Он ошибся. Вот только для чего Маньке нужно это замужество? Может быть, действительно стоило остаться одной навсегда? И продолжать тщетно и отчаянно скрываться от непонятного ей далекого мира.
Иногда ей казалось, что до рождения Антошки она просто не жила, а пребывала в каком-то полусне. И потом словно родилась второй раз... Вместе с ним. А как и для чего прожила первую жизнь, почему умерла и для чего собирается прожить новую? И вообще это не по библейским законам: откуда это у нее такие бредовые, кощунственные мысли, что за фэнтази - две жизни, второе существование, второе рождение? Но каждый новый ребенок - это возможность прожить еще одну жизнь вместе с ним с самого начала, вторую, третью, четвертую... Пройти по Земле немного другим путем. Маша чувствовала правдивость своих домыслов.
Она решила так и поступать, наделать себе много новых "антошек", а для продолжения вереницы родить девочку. Хотя с деньгами у них в семье вечный напряг.
- Переморгаем! - снова весело согласился Закалюкин. - Рожай до кучи, раз тебе это занятие нравится.
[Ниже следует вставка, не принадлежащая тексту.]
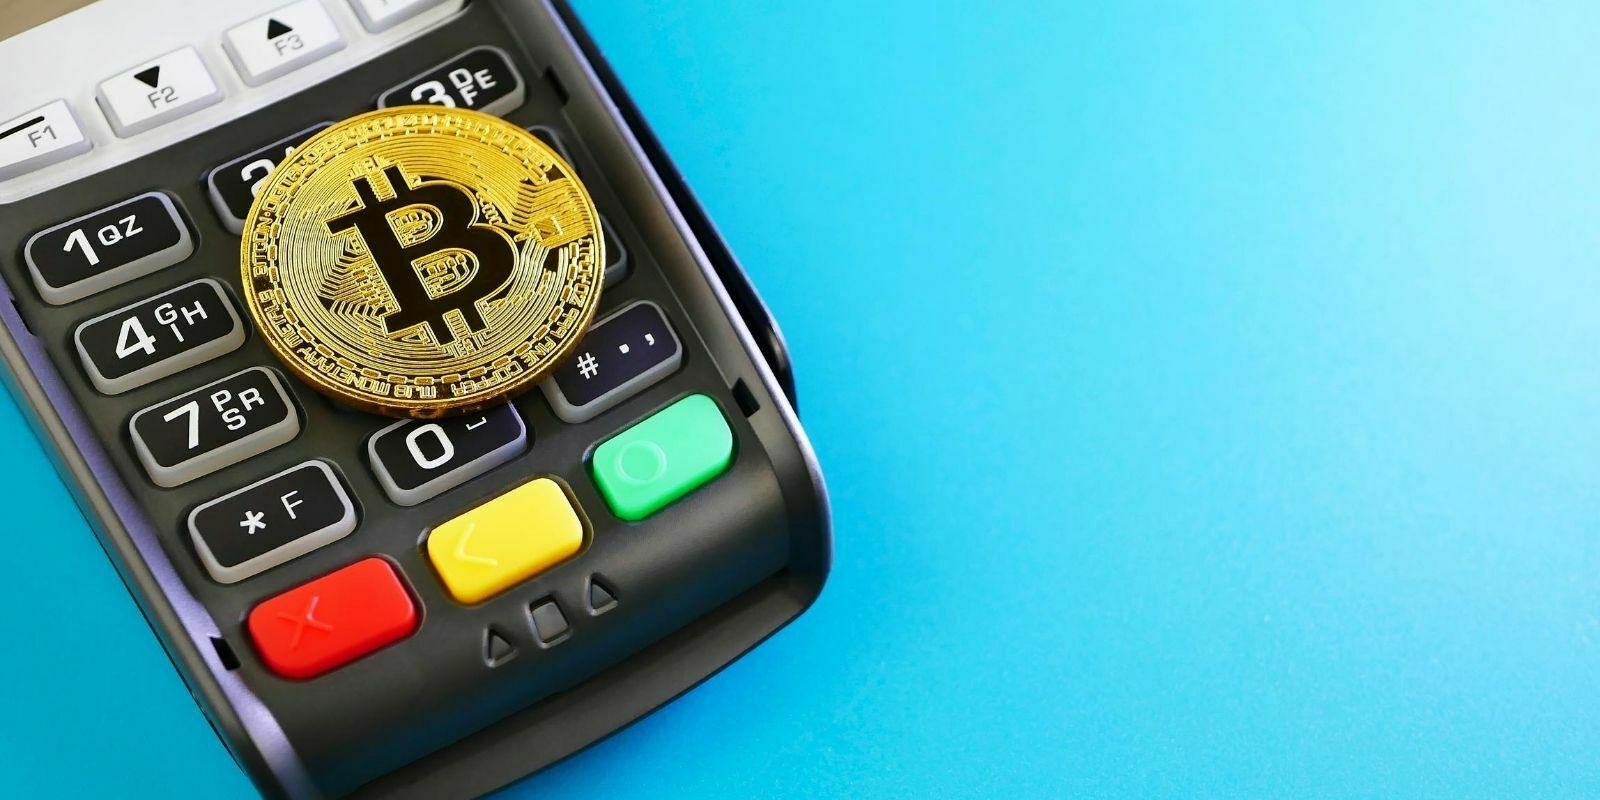 Comment accepter du bitcoin sur un terminal de paiement ?
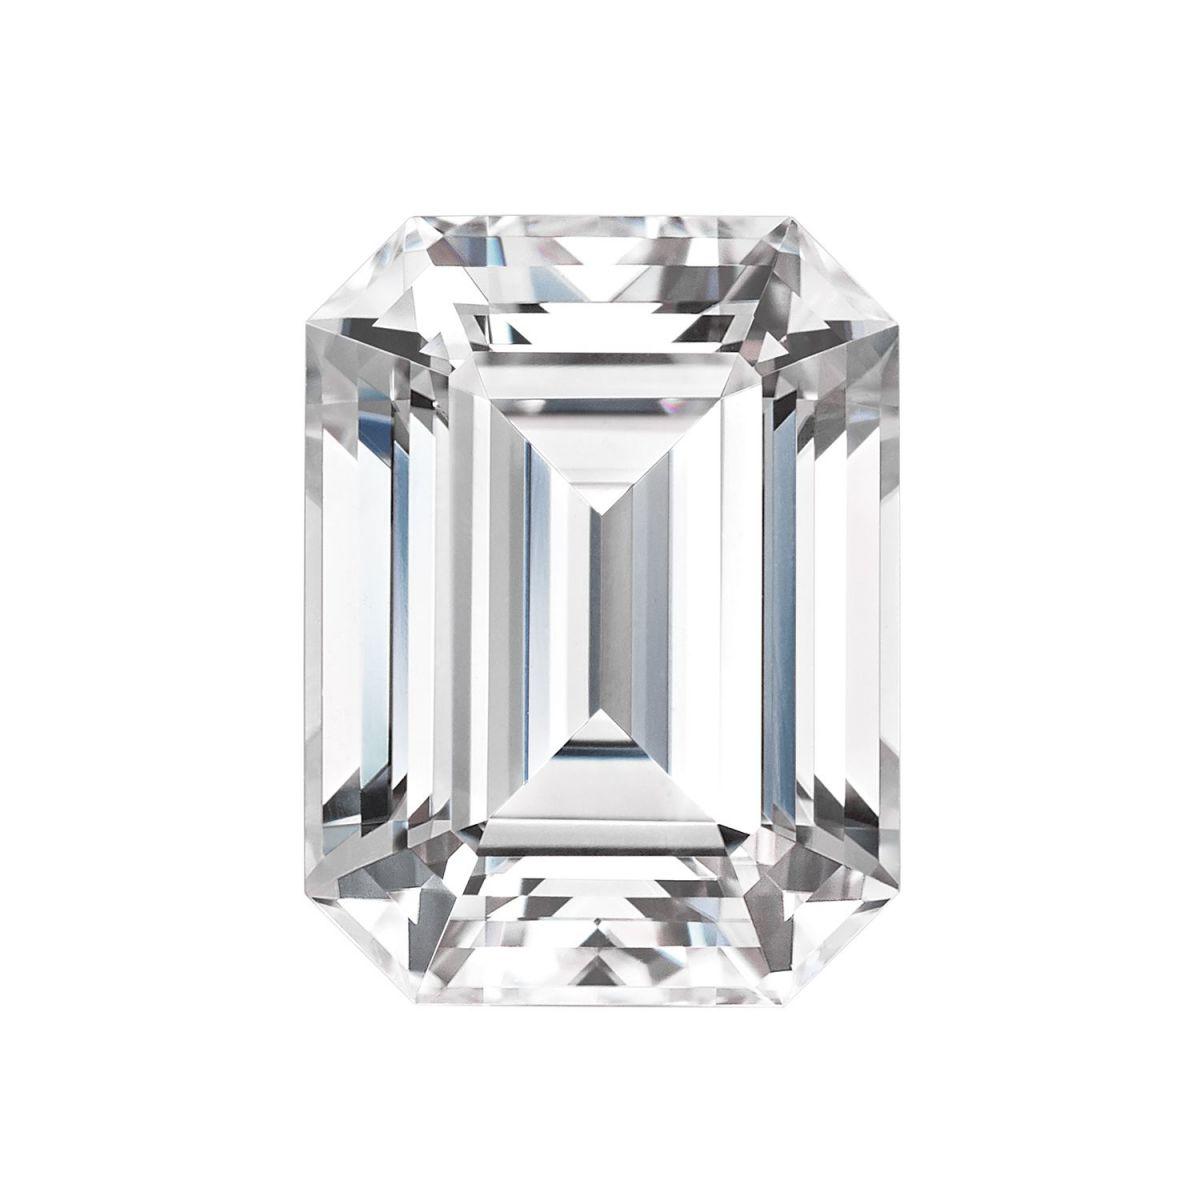 https://www.loveandpromisejewelers.com/media/catalog/product/cache/1b8ff75e92e9e3eb7d814fc024f6d8df/e/m/emerald_moissanite_image.jpg

Только девочка, едва родившись, умерла по непонятным врачам причинам. У нее были такие крохотные пальчики...
- Я говорила, что нужно было сделать аборт! - заявила свое излюбленное с трагической интонацией Инна Иванна.
Совершенно обезволевшая Маша долго билась в слезах по вечерам на диване, без конца повторяя:
- Моя рыженькая!..
Девочка очень напоминала рыжеватого Закалюкина.
Он отнесся к смерти ребенка довольно равнодушно, чем по-настоящему потряс и окончательно оттолкнул от себя Маню. Она стала передергиваться от его шагов.
- Что, теперь не жить? Несчастен тот, кто не умеет переносить несчастья, - изрек Закалюкин.
Он был абсолютно прав. Именно этого Маша ему простить не сумела.
Вообще-то, никаких особо тяжких грехов за ним и не водилось, их нельзя было найти даже при всем желании. Пожалуй, за ним числился один- единственный недостаток: Антон не любил, когда Маня ходила в брюках и джинсах. А она их носила круглый год. Они шли ей, длинной, мальчиковой девочке. Закалюкину нравилась другая униформа: он предпочитал женщин на каблучках, в разлетающихся юбках и кружевных блузончиках. Снова кому-то не подходила Манькина одежда...
- Ты чересчур неформальная, - критикнул муж как-то Машу. - Что значит совсем без всяких форм. Хотя, сказать по правде, тебе это даже очень идет... Подходит на все сто.
Положительность Закалюкина и его вечное олимпийское спокойствие раздражали Маню все сильнее и сильнее. Она возненавидела его любимый девиз:
- Я не дергаюсь, даже если несу полную чушь.
И поняла, что жить с флегматиком - непростое удовольствие, а на нее, Машку, слишком трудно угодить. Кто же ей, в конце концов, нужен? В глубине души она прекрасно знала ответ на этот вопрос, но предпочитала прикидываться перед самой собой полной идиоткой. Понимала, что нельзя идти вперед, постоянно оглядываясь назад. И обязательно все будет хорошо, даже если все будет плохо...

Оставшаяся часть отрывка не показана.